- [Exercise description] The output is a word-for-word repeat of the listing below, free of images.

- [Collected data]
Segment Open

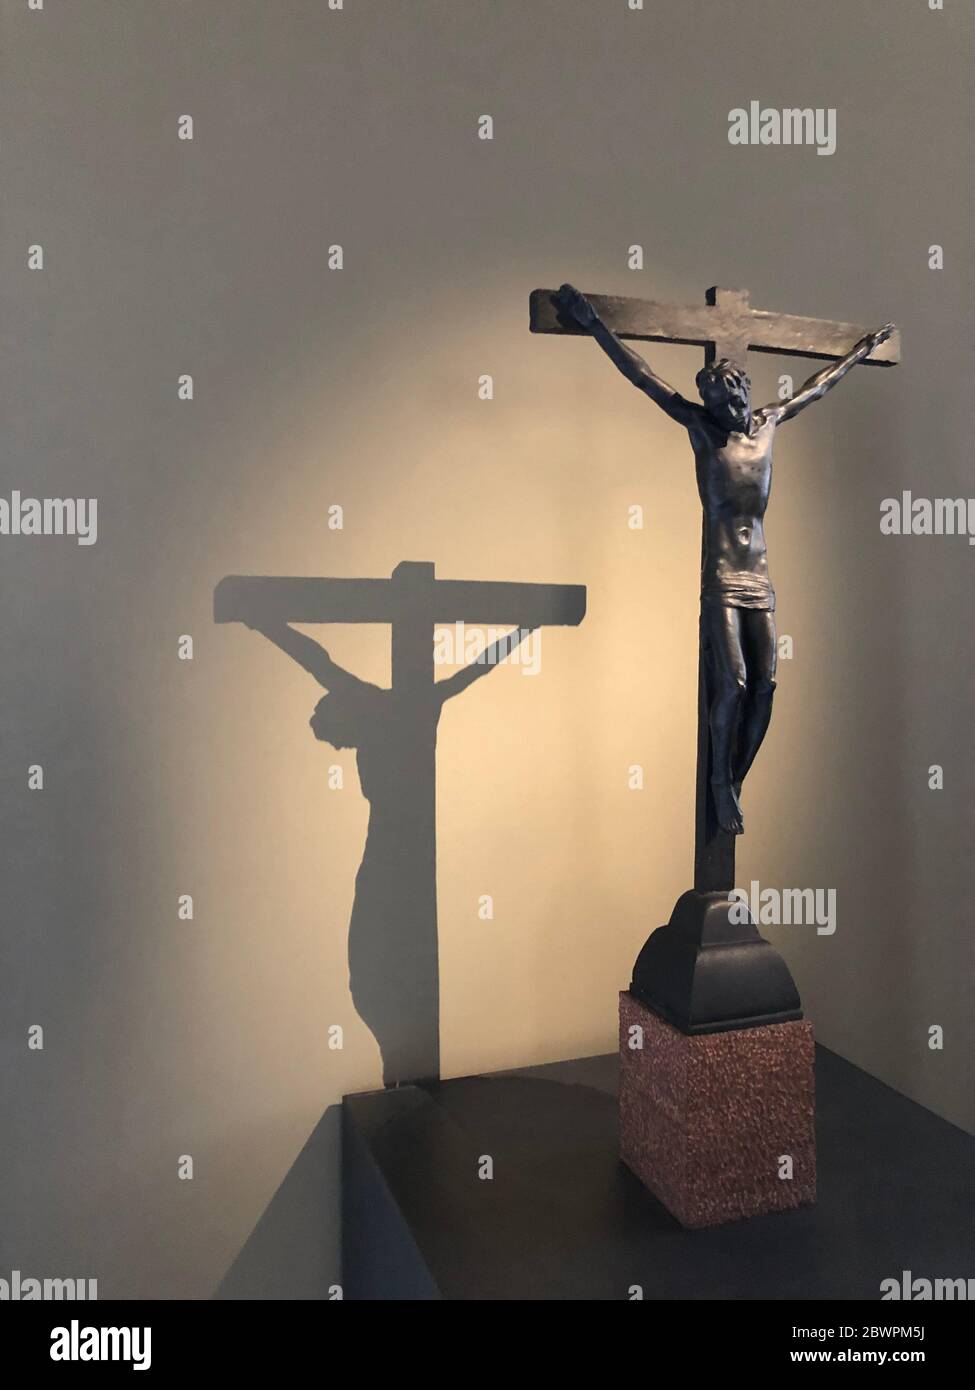 Città del Vaticano, 20 maggio 2019: Gesù sulla croce nei Musei Vaticani Foto Stock
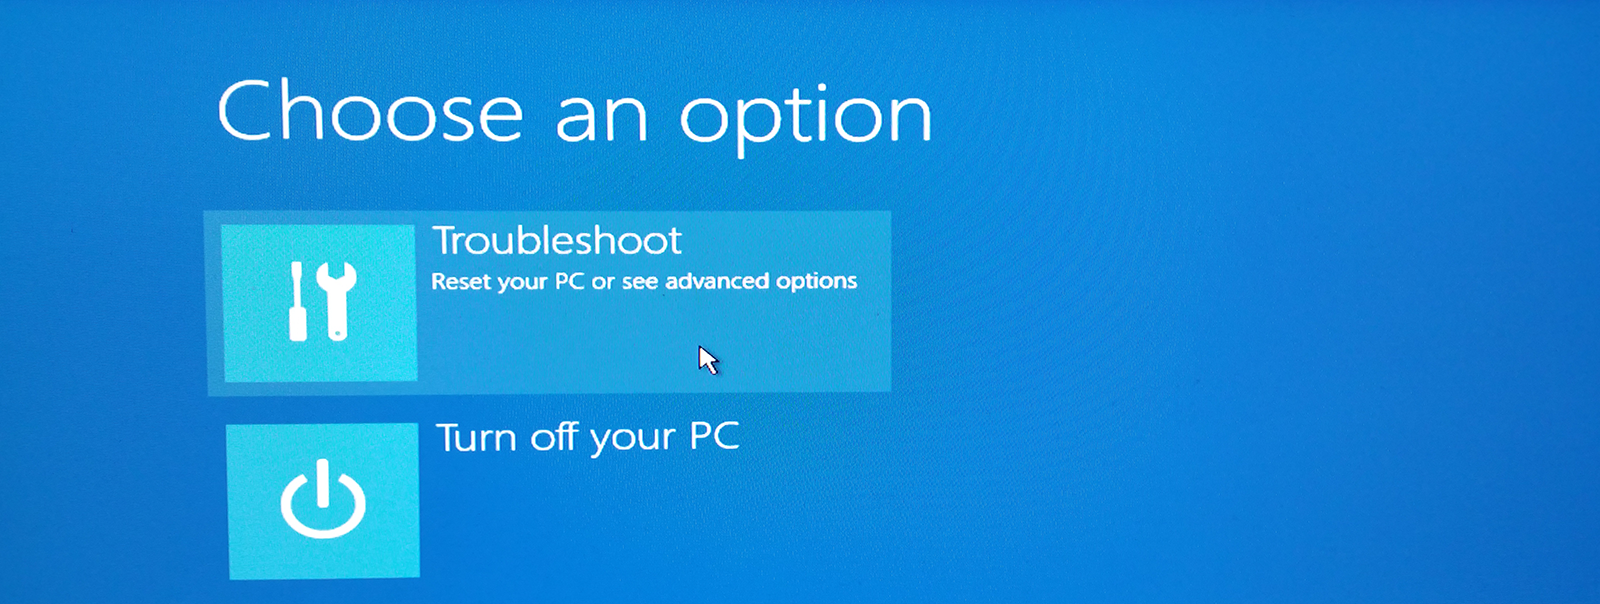 Windows repair: choose an option
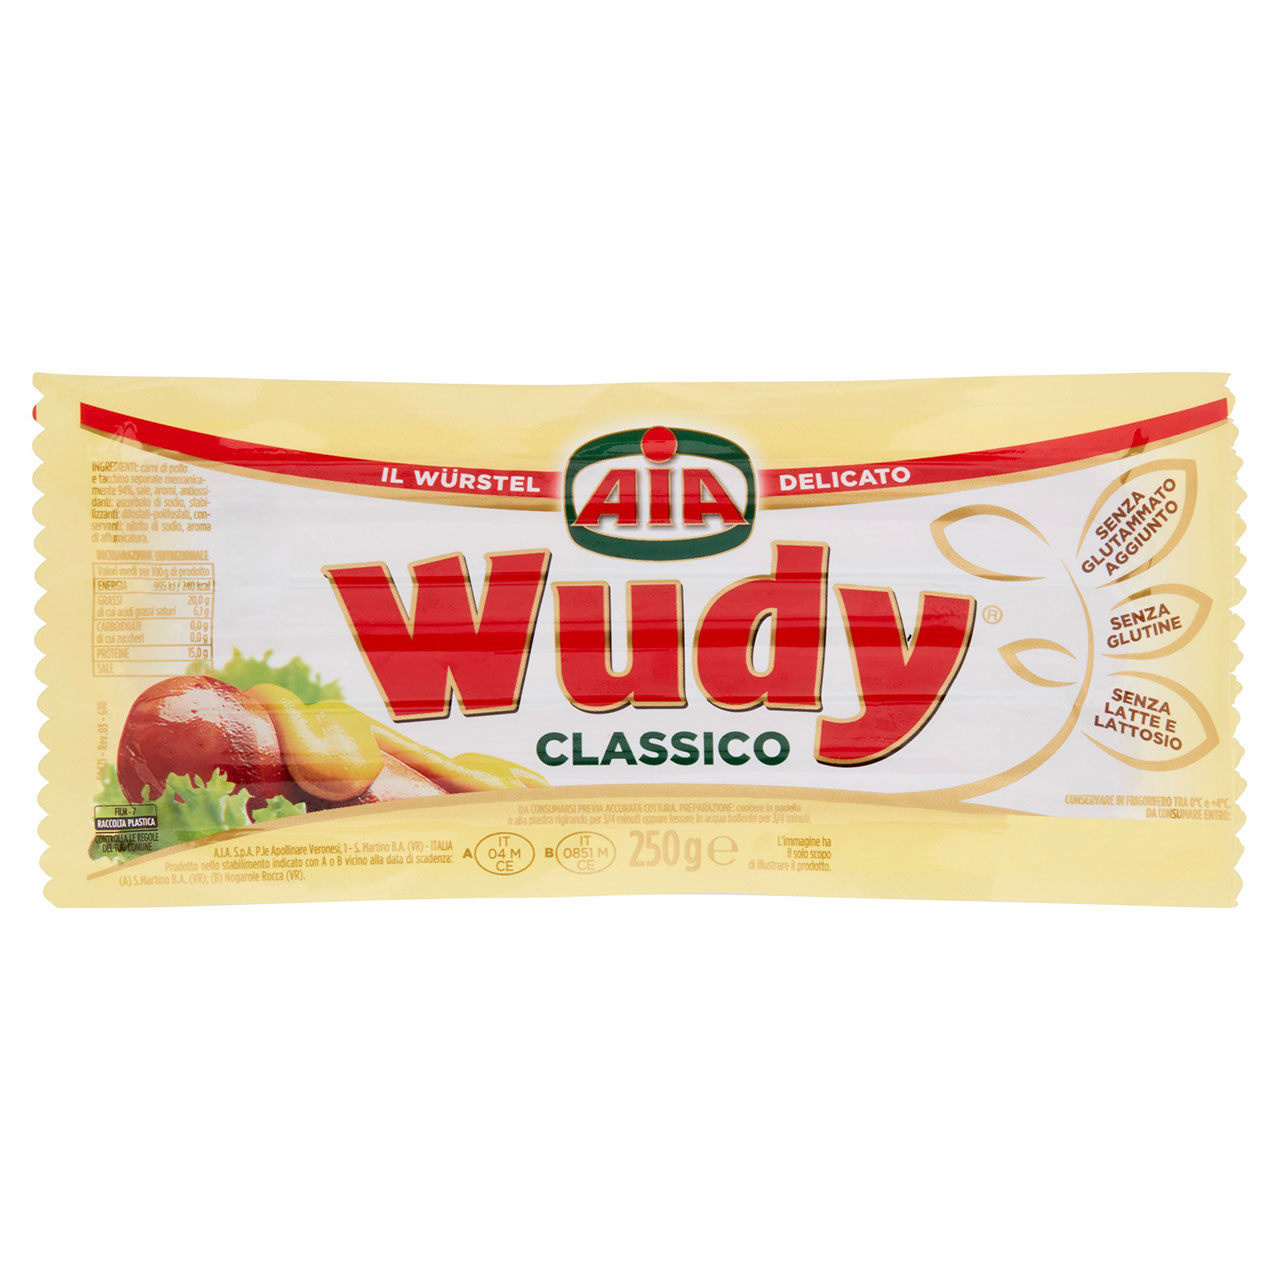 Aia Wudy Classico 250 g in vendita online

Segment Closed

- [Completed task]
 Città del Vaticano, 20 maggio 2019: Gesù sulla croce nei Musei Vaticani Foto Stock
 Windows repair: choose an option
 Aia Wudy Classico 250 g in vendita online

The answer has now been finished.